ALÈNE (Sainte), HALÈNE ou HÉLÈNE, née à Dilbeek, morte à Forêt (Vorst ou ter Vorst), vers 640. Au milieu du viie siècle, le Brabant était encore plongé en grande partie dans les ténèbres du paganisme. Bruxelles n’était alors qu’un petit hameau, confiné dans un îlot de la Senne, et dans ses environs s’étendaient déjà les villages de Forêt et de Dilbeek. Ce dernier, entièrement païen, dépendait d’un seigneur nommé Lévold.
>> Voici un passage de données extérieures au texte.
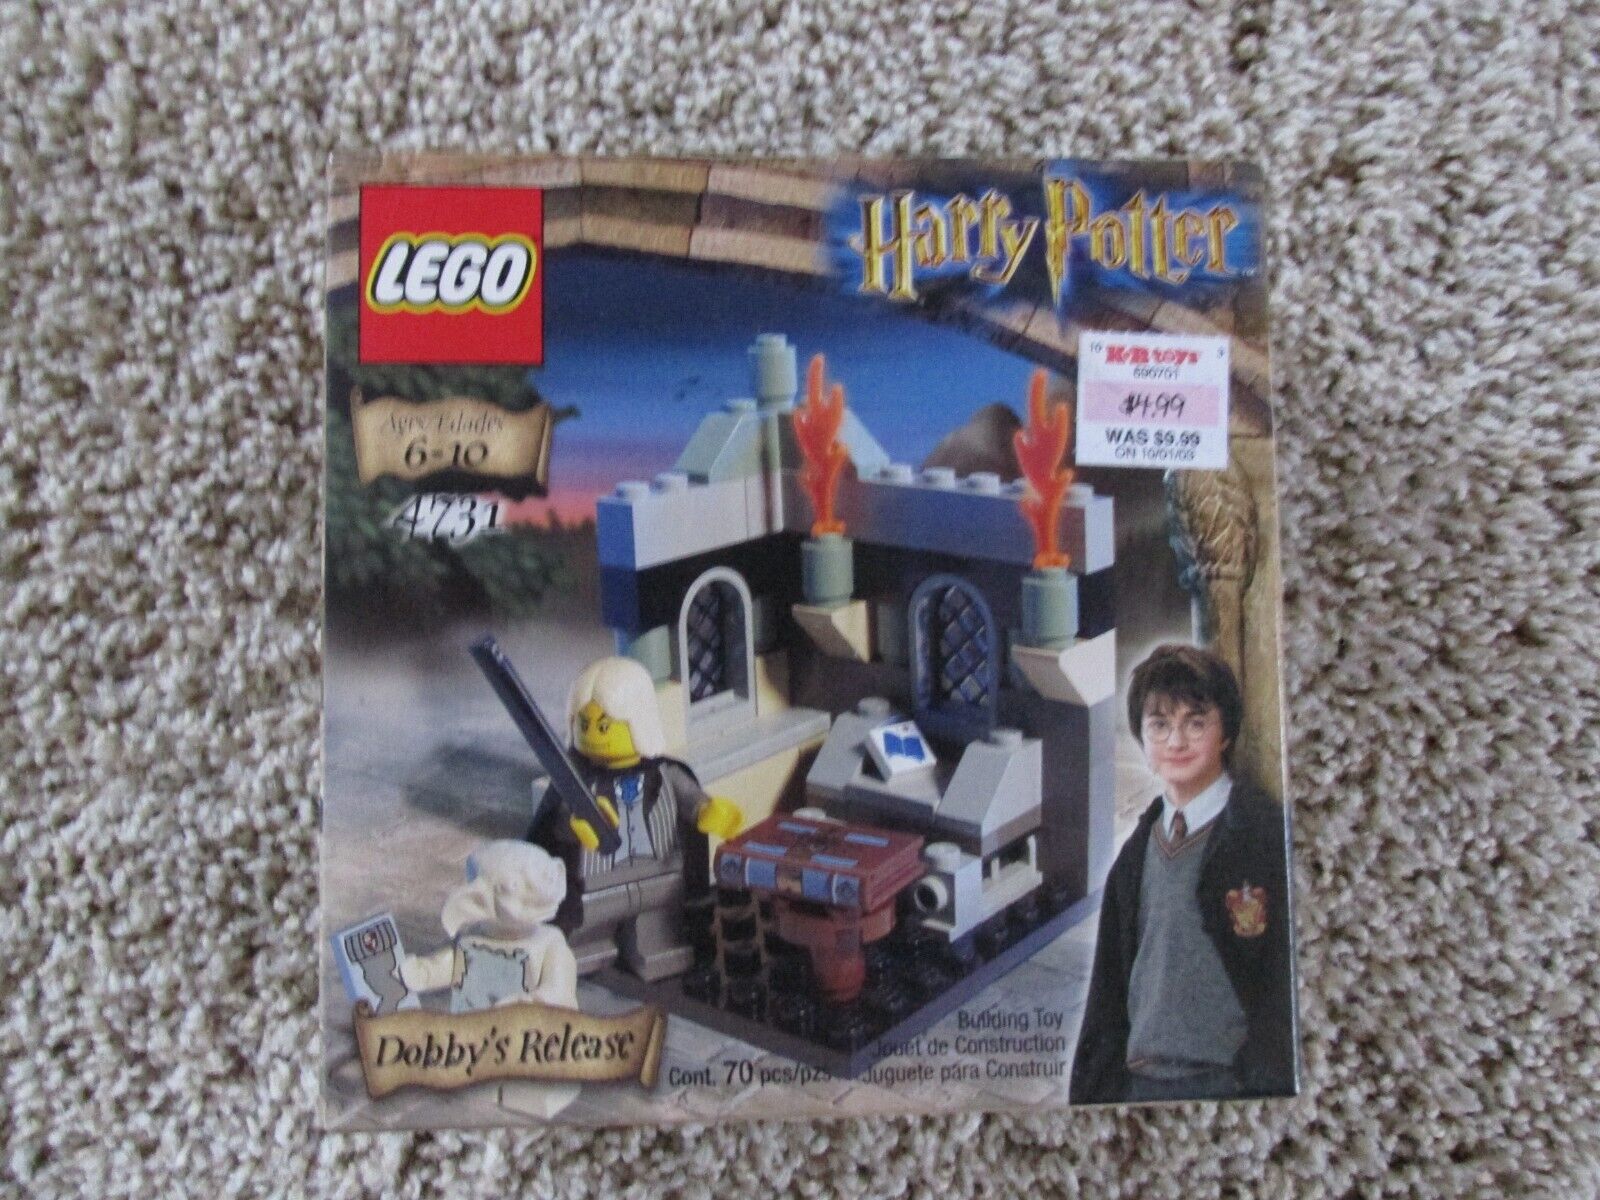 NISB LEGO Harry Potter Chamber of Secrets Dobby's Release (4731)

Ce fut vers cette époque que saint Amand, prêchant l’Évangile, vint s’arrêter quelque temps à Forêt.

Une vieille légende rapporte que Lévold, chassant un jour dans les bois, arriva par hasard à Forêt, et assista, par curiosité, à une instruction de saint Amand. De retour chez lui, il raconta, en raillant, à sa famille, la nouvelle doctrine qu’il avait entendue et les cérémonies chrétiennes dont il avait été témoin. Tout le monde en rit, excepté sa jeune fille, nommé Alène, qui entrevit dans les paroles de son père un premier rayon de lumière et les germes d’une morale inconnue qui plaisaient à la pureté de son cœur. Résolue de connaître toute la vérité et de voir l’homme extraordinaire dont son père avait parlé, elle alla trouver saint Amand, qui prêchait dans le voisinage. Le saint la reçut avec bonté, l’instruisit dans la foi et lui donna, après quelque temps, le baptême. Il existait déjà à cette époque, à Forêt, une église chrétienne, Alène s’y rendait parfois ; mais elle ne put le faire longtemps sans éveiller les soupçons de son père, qui la fit surveiller par ses serviteurs. Un jour qu’elle revenait de Forêt, ils la surprirent dans le bois, et, persuadés qu’elle sortait de l’église chrétienne, ils l’accablèrent de tant de mauvais traitements, qu’elle expira entre leurs mains. La mort de la jeune fille ouvrit les yeux du père ; il alla trouver saint Amand, pleura longtemps sa fille et, transformé

  1. ERRATA ET RECTIFICATIONS DU Ier VOLUME : au lieu de : 16 janvier, lisez : 17 janvier.